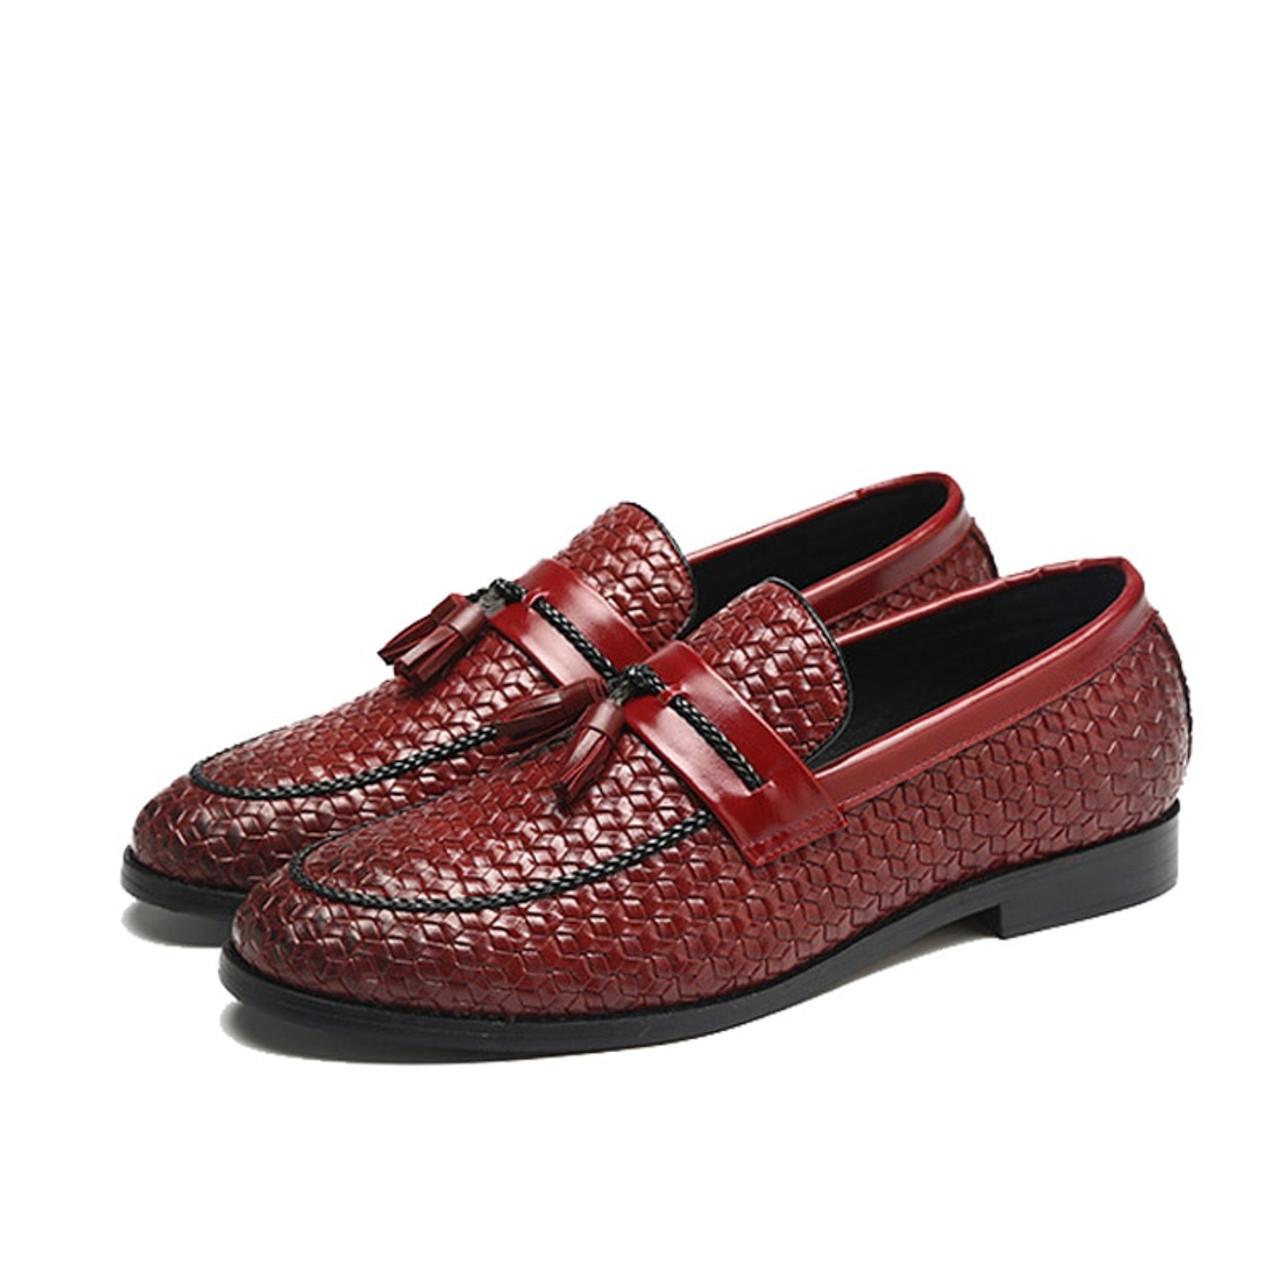 06a96ccf7c5 ... NPEZKGC Brand Men Shoes 2018 New Breathable Comfortable Men Loafers  Luxury Tassel Weave Men s Flats Men ...
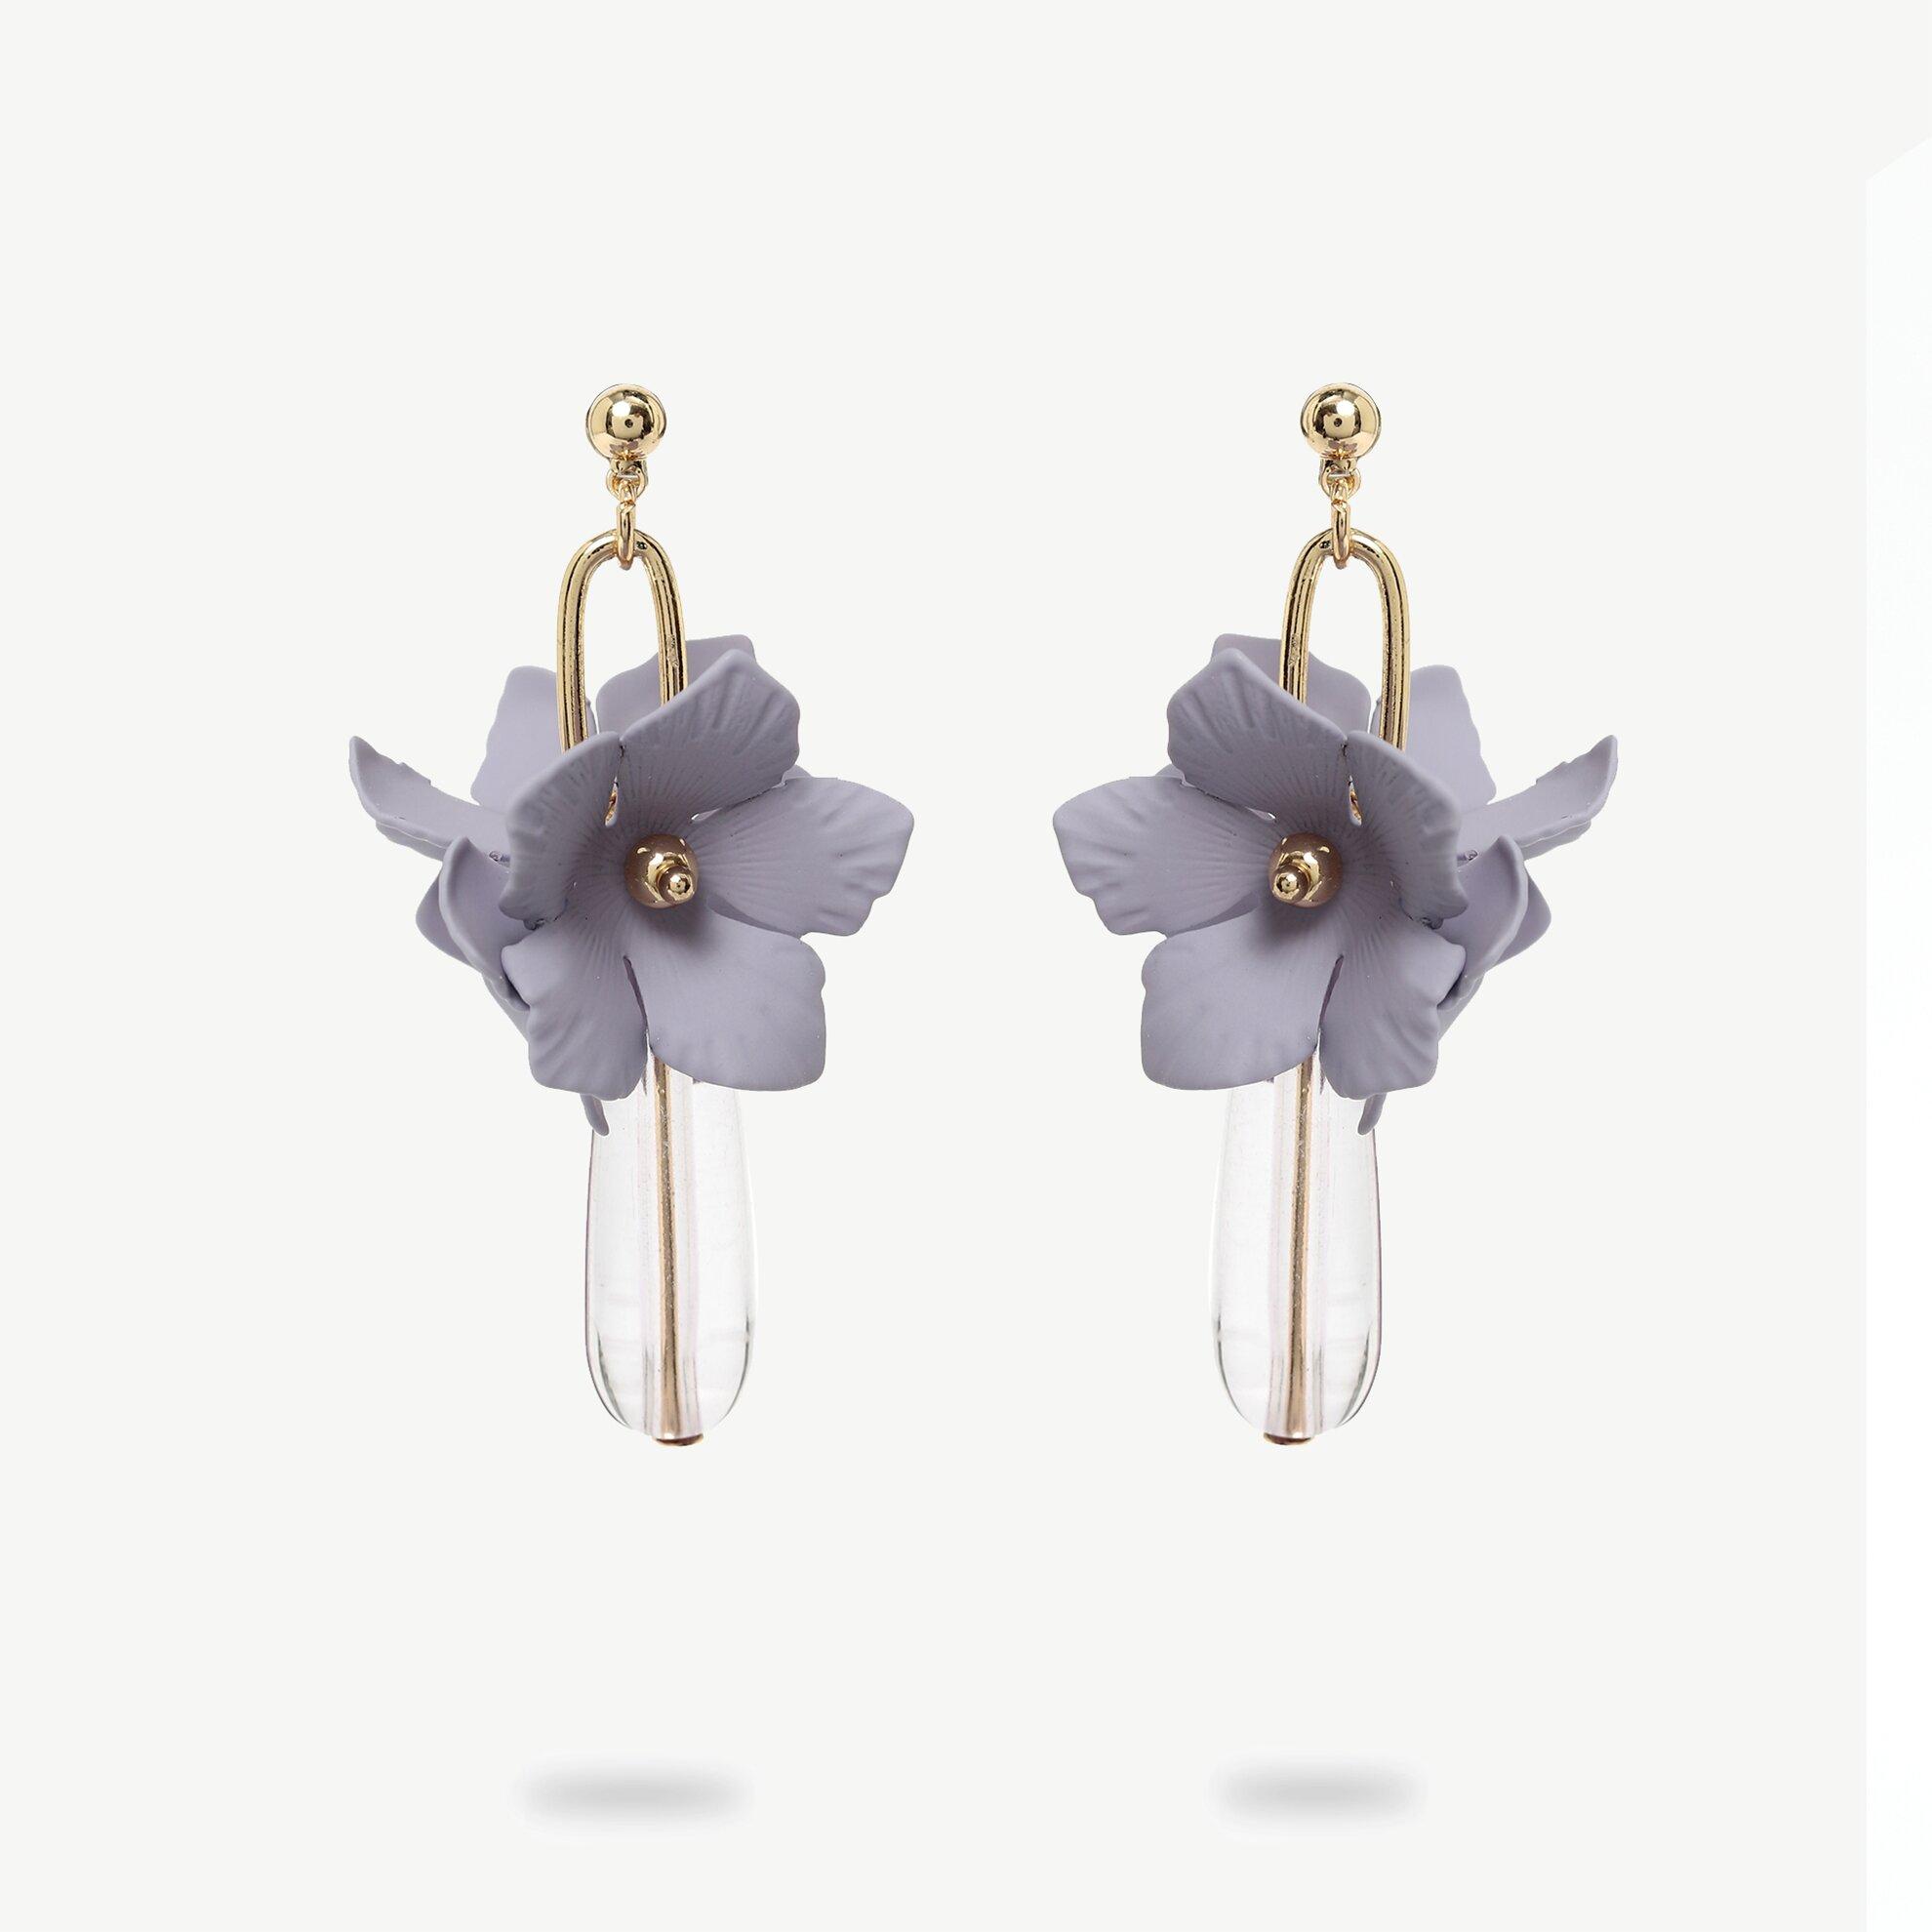 Çiçek Formlu Sallantılı Küpe
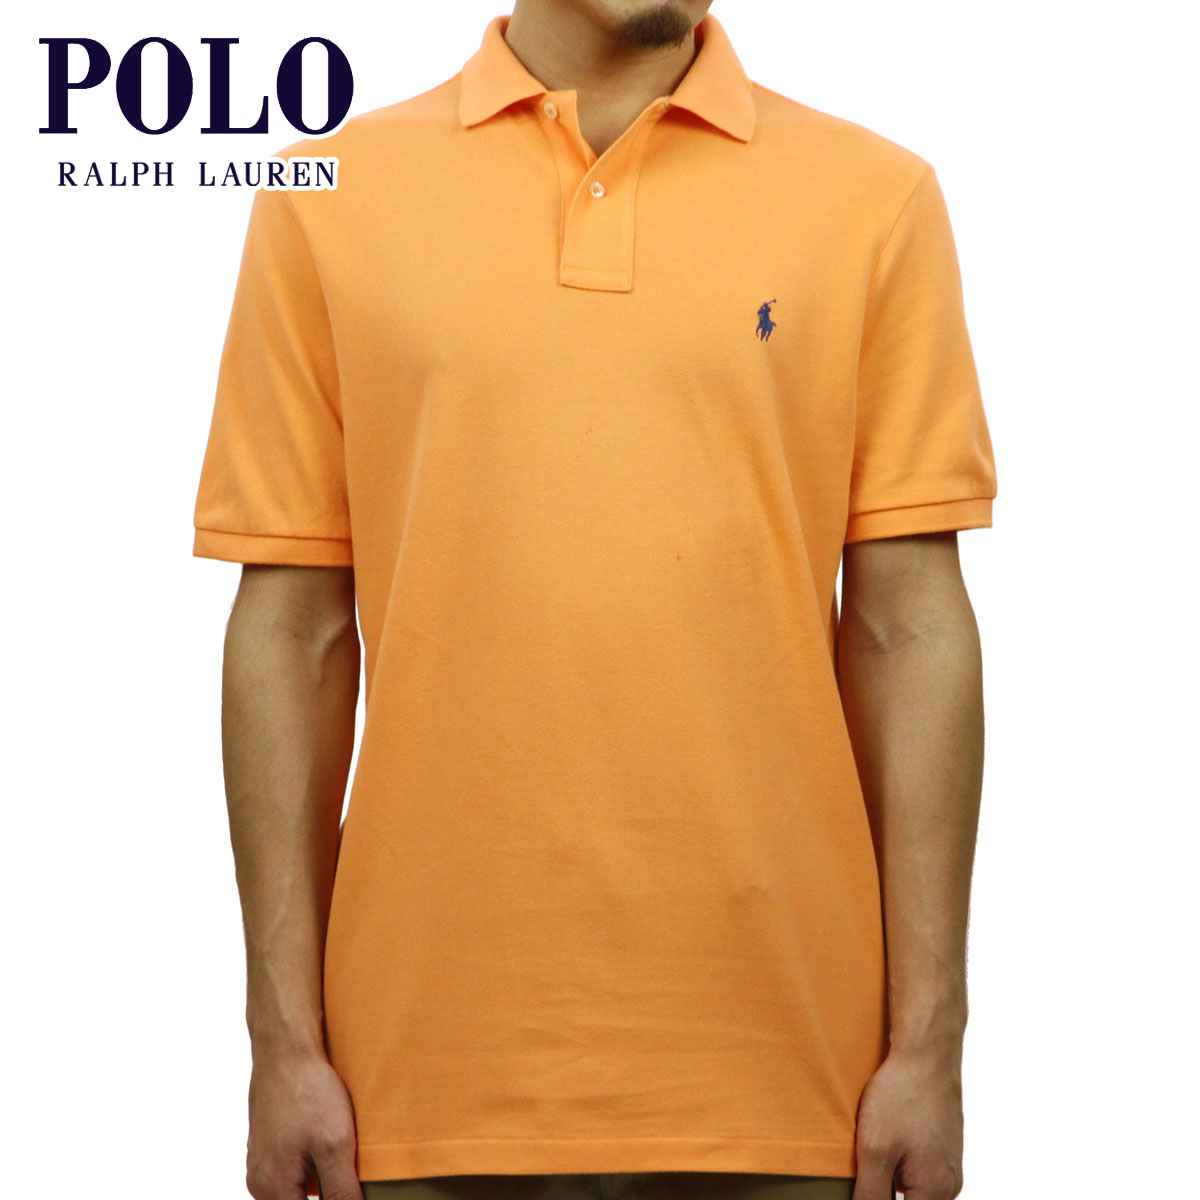 ポロ ラルフローレン POLO RALPH LAUREN 正規品 メンズ 半袖ポロシャツ CLASSIC FIT POLO SHIRT
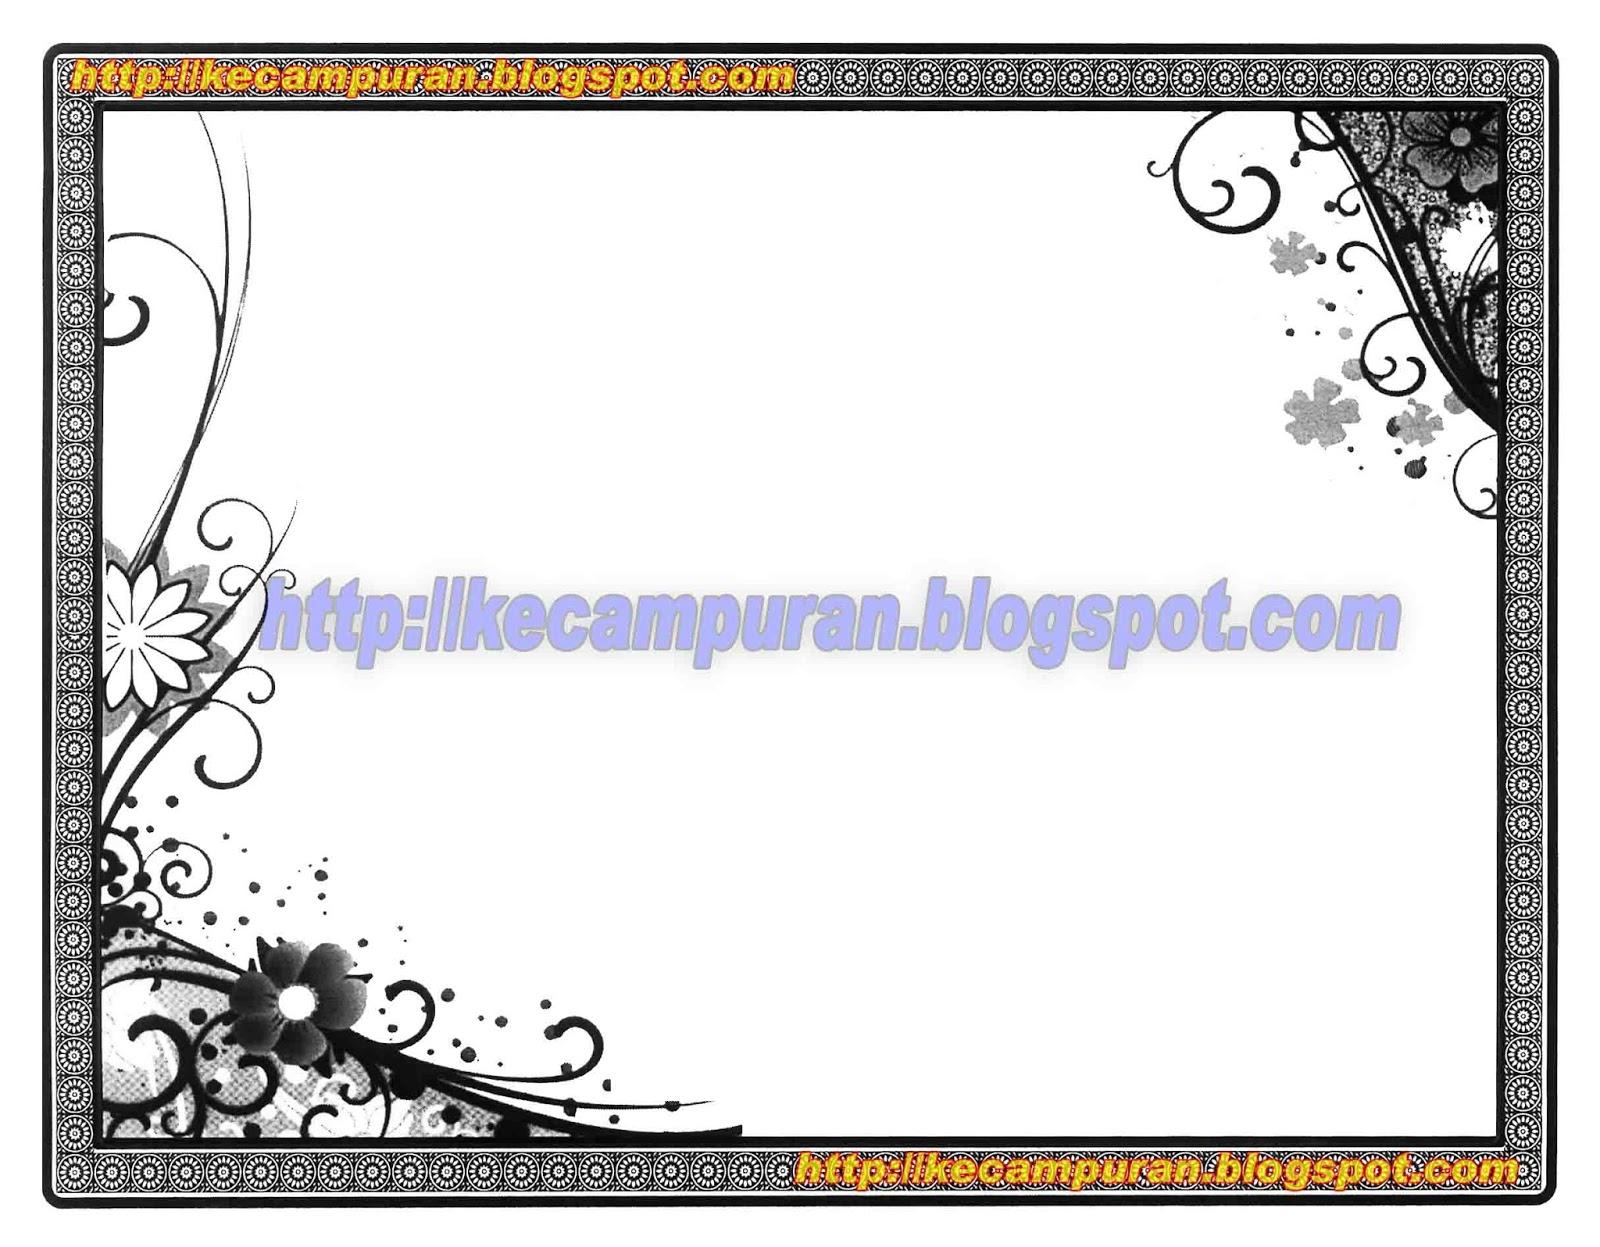 List of top bingkai kartu ucapan images - List Of Top Bingkai Kartu Ucapan Images 47

• _EXERCISE DETAILS_
Copy the final stretch of lines, starting at the one that holds "ポロ ラルフローレン POLO" and ending at the last line of the data, exactly; omit pictures.

• _RESULT OF THIS TASK_
 ポロ ラルフローレン POLO RALPH LAUREN 正規品 メンズ 半袖ポロシャツ CLASSIC FIT POLO SHIRT
 List of top bingkai kartu ucapan images - List Of Top Bingkai Kartu Ucapan Images 47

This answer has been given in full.